Road Trip: Huambo to Lubango
After a couple of days of rest in Huambo we set out to find the ancient rock paintings at Tchitudu Hulu. This would turn out to be the most epic road trip of my life (and I’ve been on plenty of road trips)! Teague and Robert were busily preparing for the journey ahead. Teague made us “Bier Rocks” which consisted of ground beef, cabbage, onion, salt and pepper wrapped in a ball of dough. Biruk made us cookies. Robert replaced the brake pads and balanced the tires on the Land Cruiser. We packed up and set out at 8am September 6th.
For the most part the 6 hour drive to Lubango was paved. But there were crater-like potholes that would appear out of nowhere. Robert, being the experienced pothole-dodger didn’t seem to be bothered. As we drove out of Huambo, which sits at an elevation of 6,000 feet, the landscape changed from dust with huge monoliths jutting straight out of the ground to dust with various bushes and Dr. Suess-esque trees called Baobab Trees.
We passed giant boulders piled up or sprinkled around and hills shaped like volcanos. For hours the only signs of civilization were mud or stick huts, the occasional vendor selling a sack of charcoal or eggs and the tiny boy herding his cattle or goats across the road at any given moment.
Our first tourist stop was Pula Lukwa, a fancy resort/restaurant in Lubango complete with a mini safari. We got to see several wild animals including zebras, a crocodile, guinea fowl and Oryx.
I imagined I would see a few wild animals out in the wild--but in our entire road trip I did not. Robert explained that the decades of war had either driven out or extinguished all the animals that used to live in Angola.
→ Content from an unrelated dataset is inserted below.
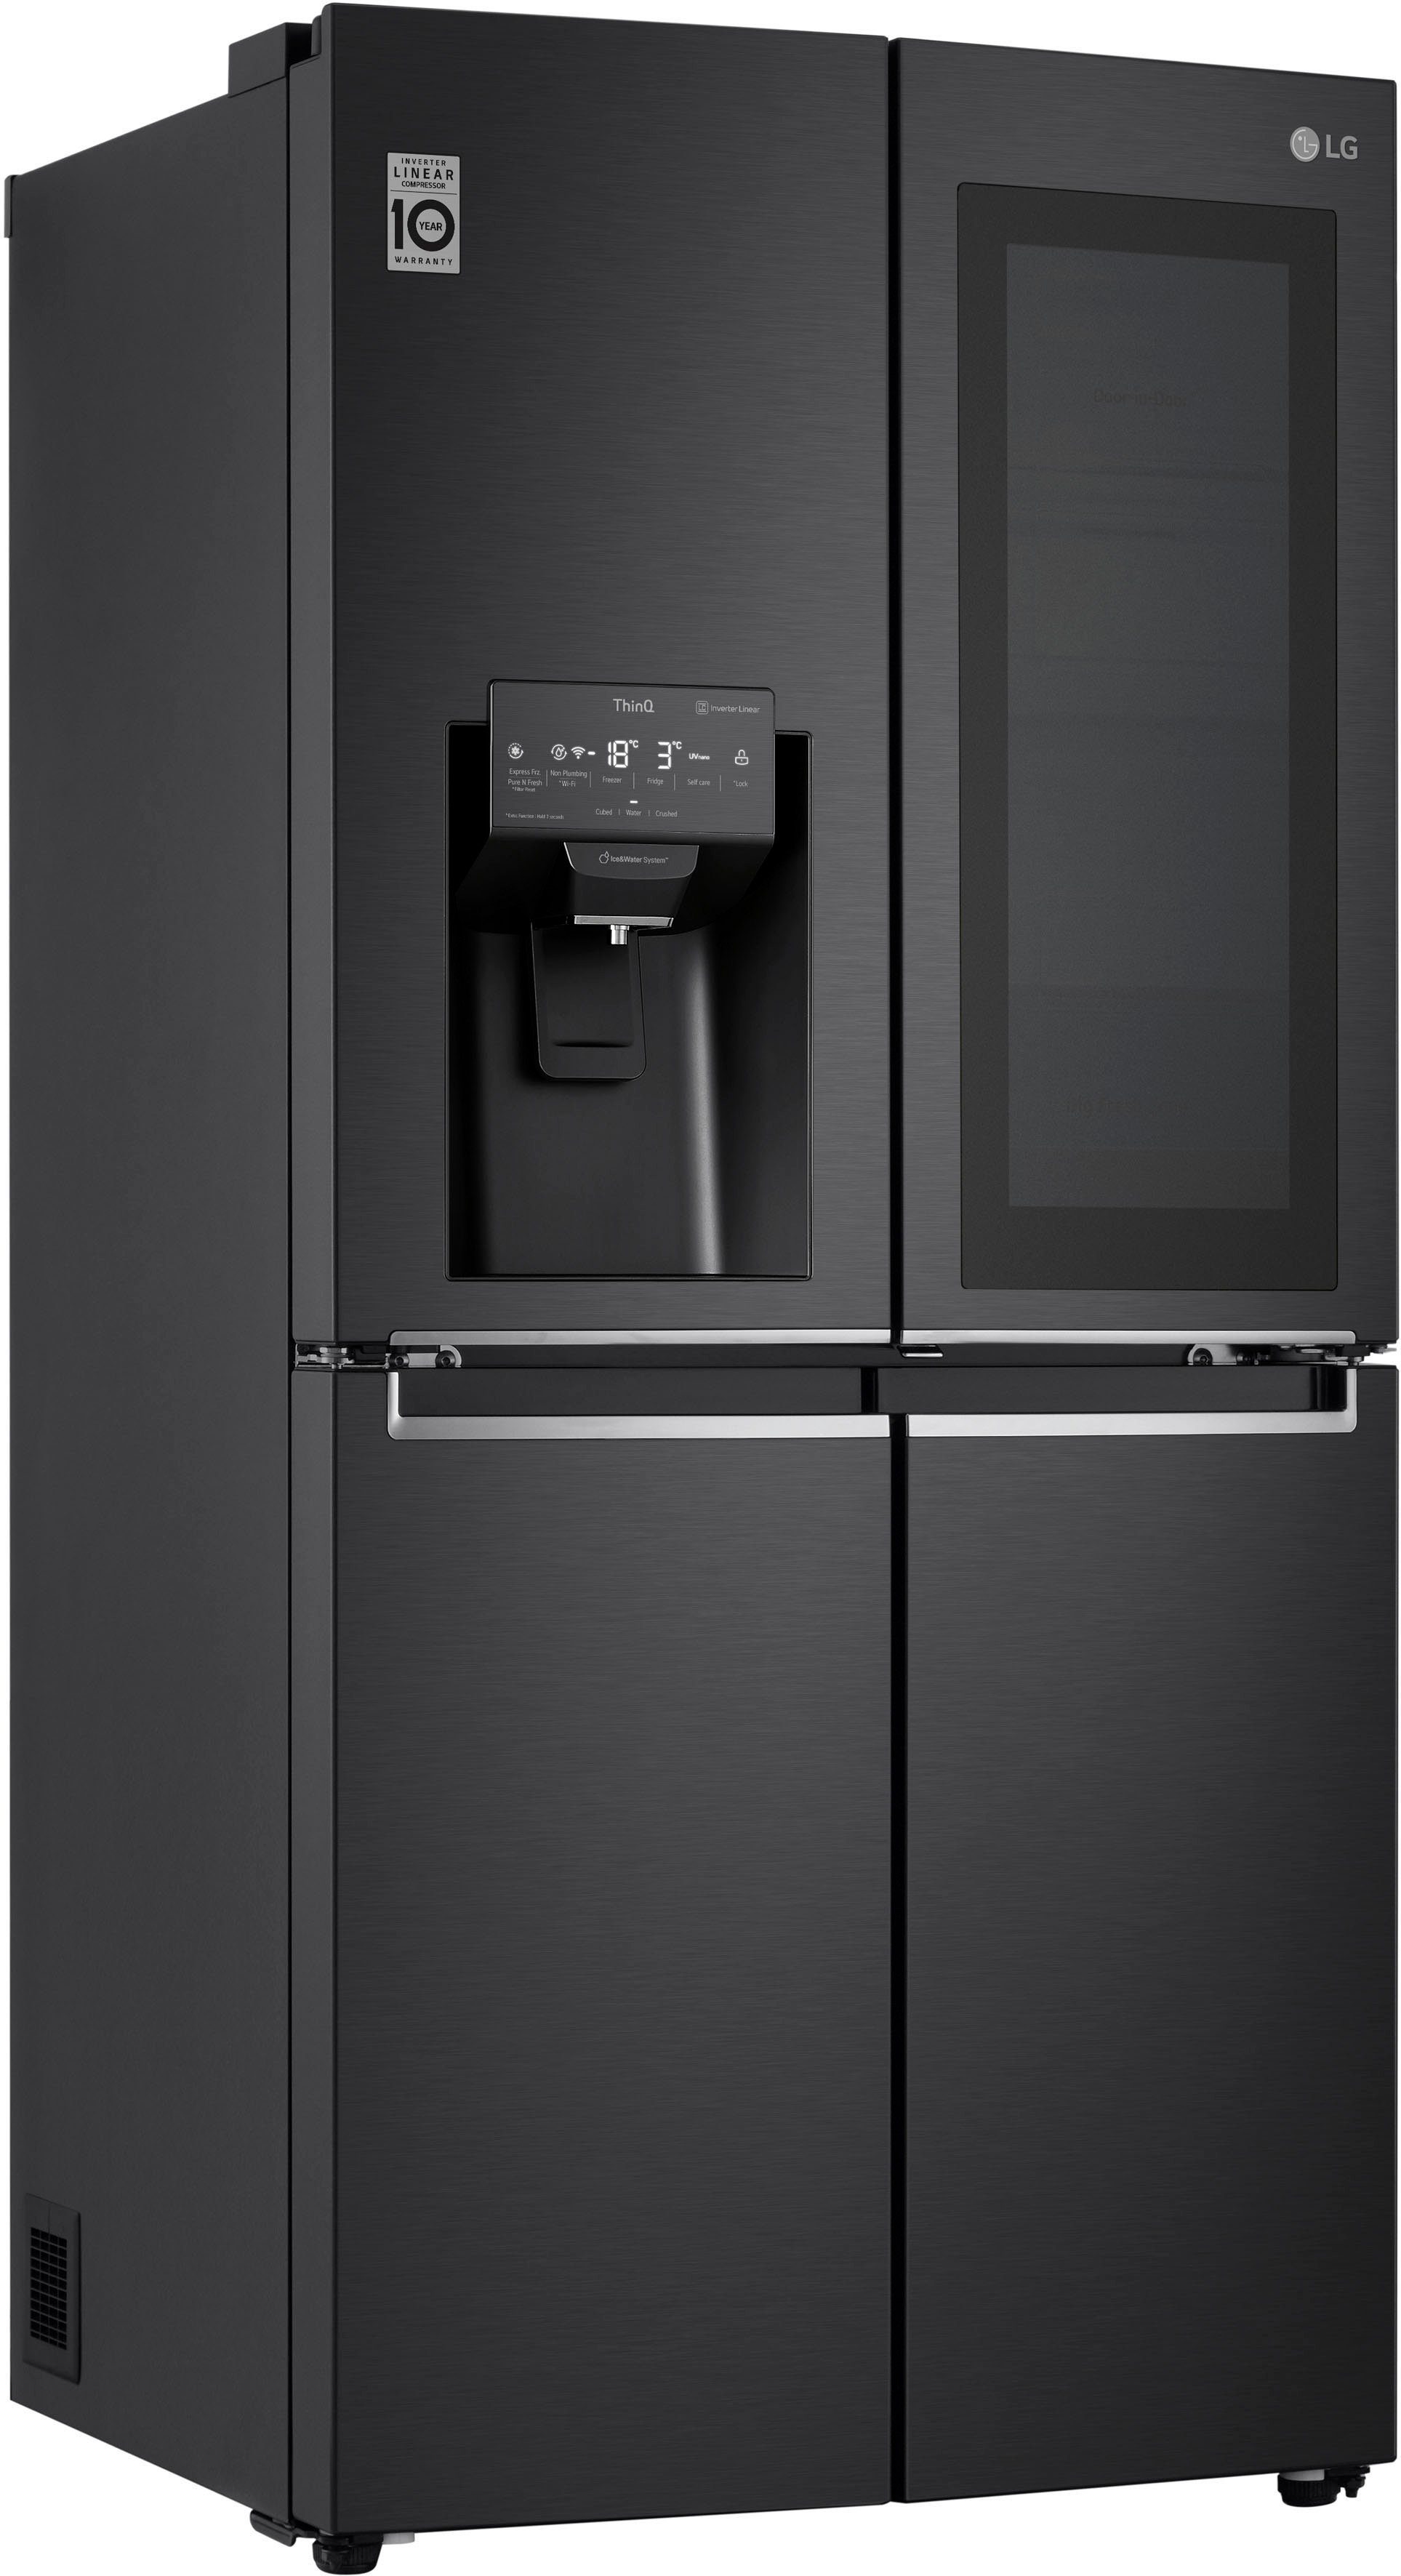 LG Side-by-Side-Kühlschränke online kaufen | OTTO
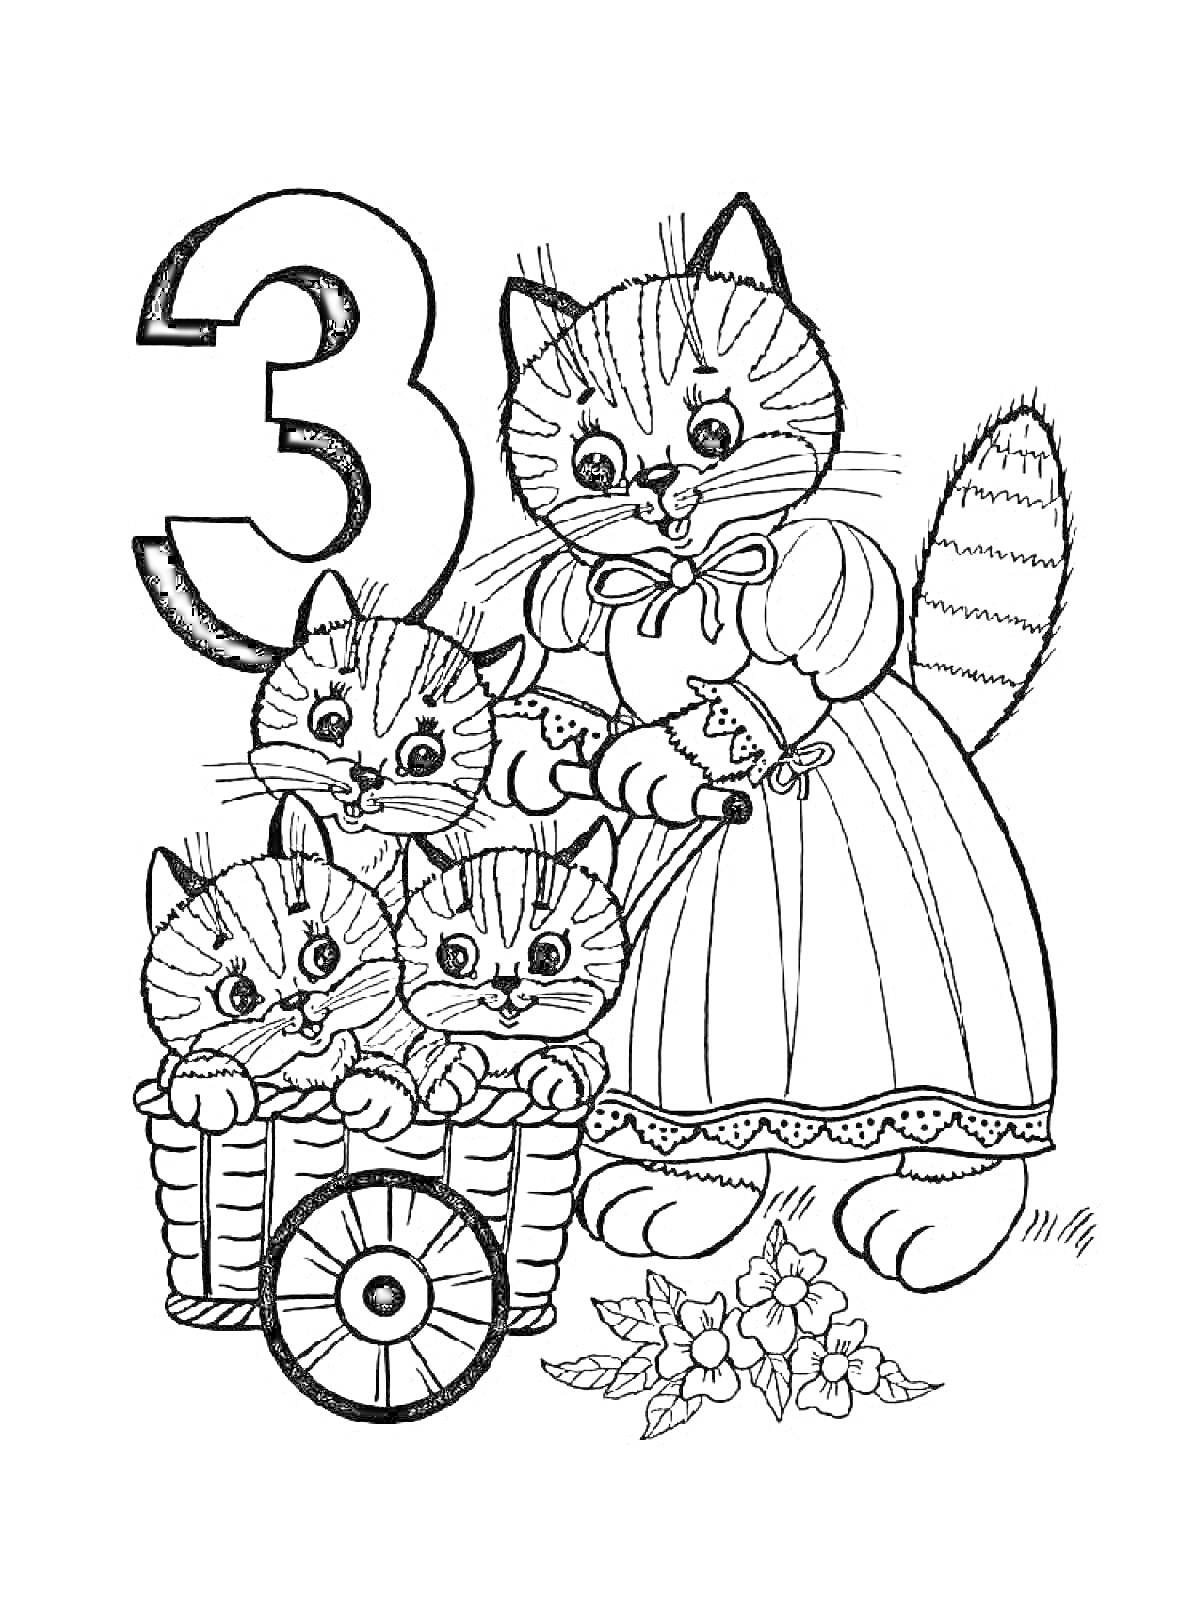 Раскраска Кошка в платье с бантом и три котенка в корзине на колесах, рядом цифра 3 и цветочные узоры

Next he took us to see a breathtaking overlook called Tunda Vala. I say breathtaking because I am terrified of heights. It was beautiful, but VERY high. My palms are sweating just remembering the views and watching the boys fearlessly look over the edge.
There were fascinating purplish pink rocks there, like I had never seen. Later I would encounter an artist shop using these pink rocks for his sculptures.
After the Tunda Vala Robert took us to Cristo Rei--another very high overlook. Then we headed back to Pula Lukwa for dinner. This is when we met our host for the next two nights, a medical missionary, Dr. Steve Collins, who everyone calls “Uncle Steve.”